Sennonché Monk non si spiega affatto in questo modo. Al contrario lo si tradisce, se ne impedisce la comprensione. I suoi rapporti col mondo esterno sono infatti quanto mai tenui, i suo desiderio di comunicare con il prossimo è nullo; lungi dall’essere un artista impegnato, un uomo socialmente consapevole, Thelonious è un grosso bambino, dallo sconfinato egoismo, per il quale il resto del mondo non conta nulla. In una delle rarissime interviste da lui concesse, lo dimostrò con chiarezza. nel 1964, a Valerie Wilmer, giornalista e fotografa inglese innamorata del jazz, rispose così, a proposito della lotta combattuta con grande asprezza, in America, dai suoi fratelli di razza per la conquista dei diritti civili: «Non ne so praticamente niente… Quelle faccende razziali non sono nei miei pensieri. Tutti cercano di farmici pensare ma queste cose non mi turbano. Mi disturba solo la gente che cerca di farmi pensare a queste cose».
Un grosso bambino, dunque, che a un certo punto (tardi, perché dovettero passare parecchi anni prima che la sua musica fosse apprezzata) scoprì che ciò che aveva sempre fatto istintivamente, quasi per gioco, suscitava l’ammirazione degli altri, che pagavano per vederlo e ascoltarlo. Non si chiese perché, né cercò di allargare il suo uditorio; si rallegrò del successo soprattutto perché questo gli dava la possibilità di comprare dei bei vestiti e uno sterminato numero di cappelli delle più varie fogge, di alloggiare nei migliori alberghi del mondo, e di succhiare dei grossi gelati (glieli porta Nellie, sua moglie, che lui chiama imperiosamente ad ogni momento, come fanno i bambini capricciosi con la mamma). Di molte altre cose non sembra essersi curato. per parecchi anni non pensò neppure di abbandonare il modestissimo alloggio di San Juan Hill, uno dei ghetti neri di New York, dove aveva abitato fin dai tempi grami, quando riusciva giusto a sopravvivere grazie ai diritti che gli derivavano dalle scarse vendite dei suoi dischi e ai modesti guadagni di sua moglie.

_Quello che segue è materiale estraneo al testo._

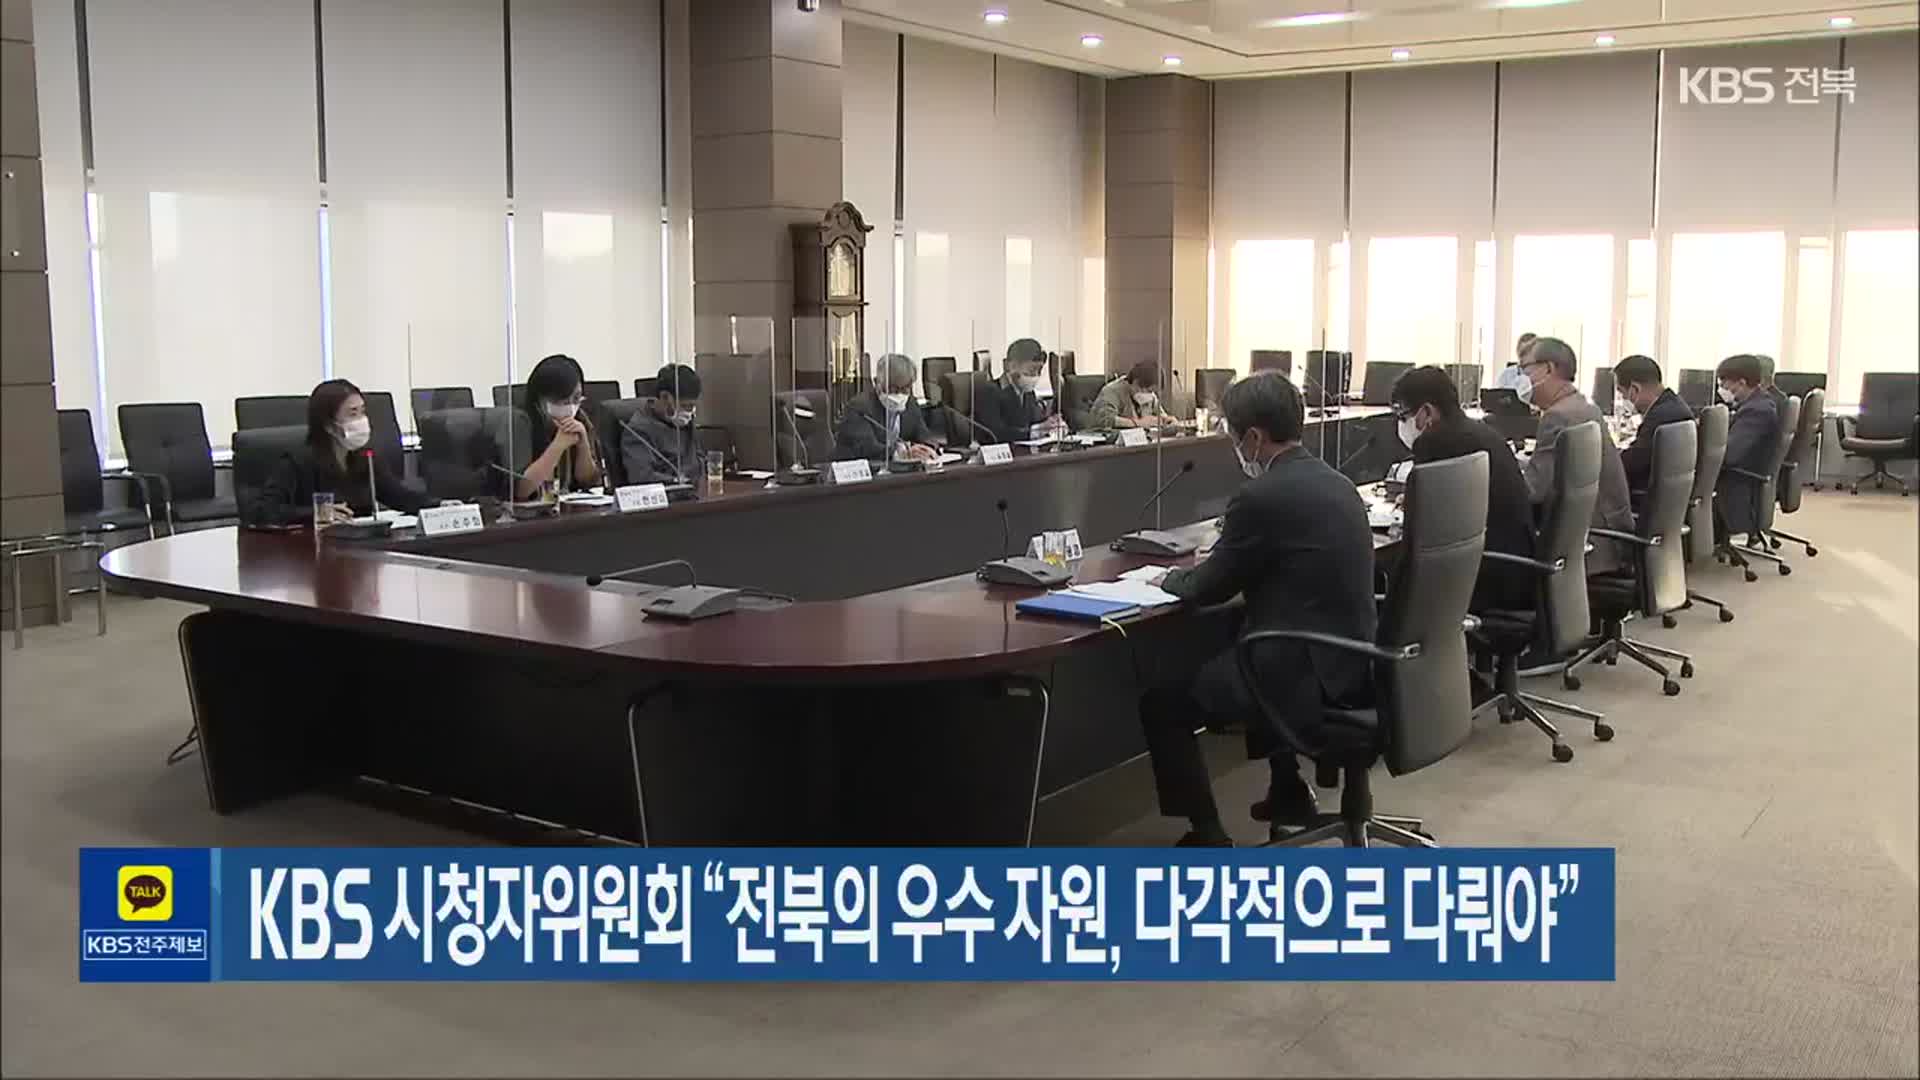 KBS 시청자위원회 “전북의 우수 자원, 다각적으로 다뤄야”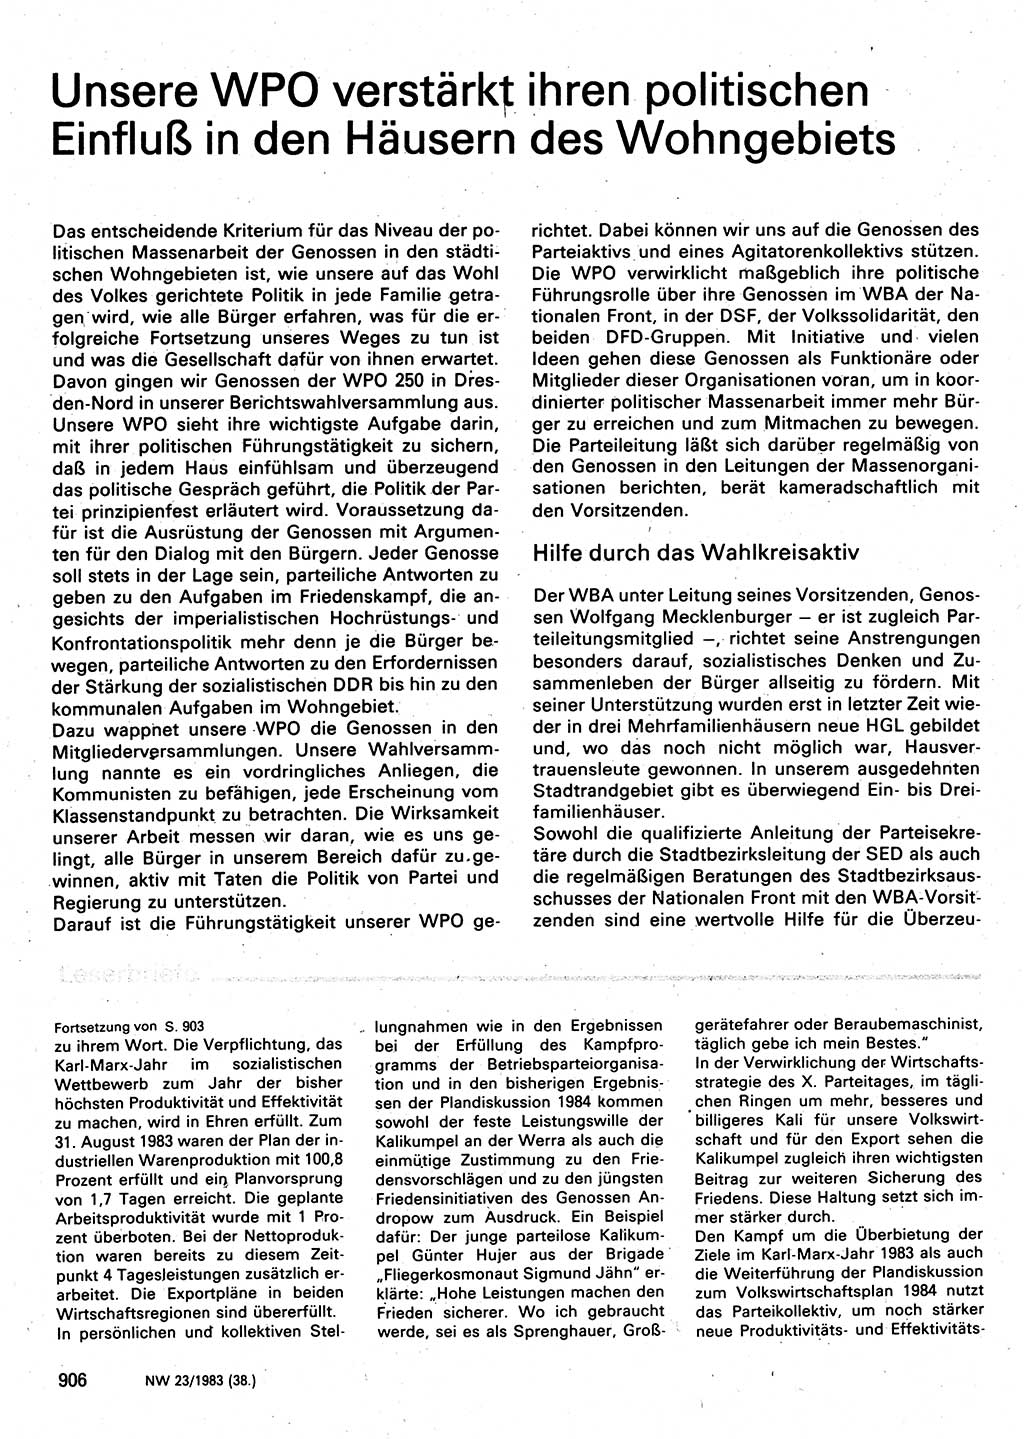 Neuer Weg (NW), Organ des Zentralkomitees (ZK) der SED (Sozialistische Einheitspartei Deutschlands) für Fragen des Parteilebens, 38. Jahrgang [Deutsche Demokratische Republik (DDR)] 1983, Seite 906 (NW ZK SED DDR 1983, S. 906)

In Italia Thelonious Monk è arrivato diverse volte, per dare dei concerti col suo quartetto. Il primo lo diede a Milano nel 1961, e fece sensazione, soprattutto perché i dischi da lui registrati nei mesi precedenti per la Riverside, che davano la misura del suo talento, non erano ancora arrivati da noi. Su di lui si avevano idee confuse prima di quel concerto; e non ci si attendeva molto. Nello storico confronto che, quel giorno, si sarebbe svolto, sul palcoscenico del Lirico, tra lui e Bud Powell, pareva probabile che dovesse aver la meglio Bud – sempre che, questa era l’incognita, fosse stato in buone condizioni psicofisiche. Non andò così: la mente del povero Bud era perduta chissà dove, il suo passo era malfermo, e le sue dita svolazzavano sulla tastiera quasi mimando un gioco semidimenticato. Thelonious invece era in grande giornata: non per nulla la registrazione di quella esibizione, che fu realizzata a sua insaputa da Bill Grauer – arrivato a rendere solenne la riunione fra i due grandi maestri del piano jazz del dopoguerra – fu molto lodata dalla critica internazionale quando apparve in disco.
Fui sorpreso quel giorno, nel constatare che Thelonious, che pure incontrava allora il suo vecchio e sfortunato amico dopo dieci anni esatti, non sembrava minimamente toccato dall’evento. Per tutto il tempo in cui potei osservarlo, rimase impassibile, apparentemente indifferente a tutto. nei successivi dieci anni, nei quali ebbi modo di presentare parecchi concerti suoi, gli avrei vista stampata sul viso quasi in permanenza quell’espressione di imperturbata disattenzione. Solo eccezionalmente l’ho visto alterarsi un poco; mai però fino al punto di cedere al sorriso.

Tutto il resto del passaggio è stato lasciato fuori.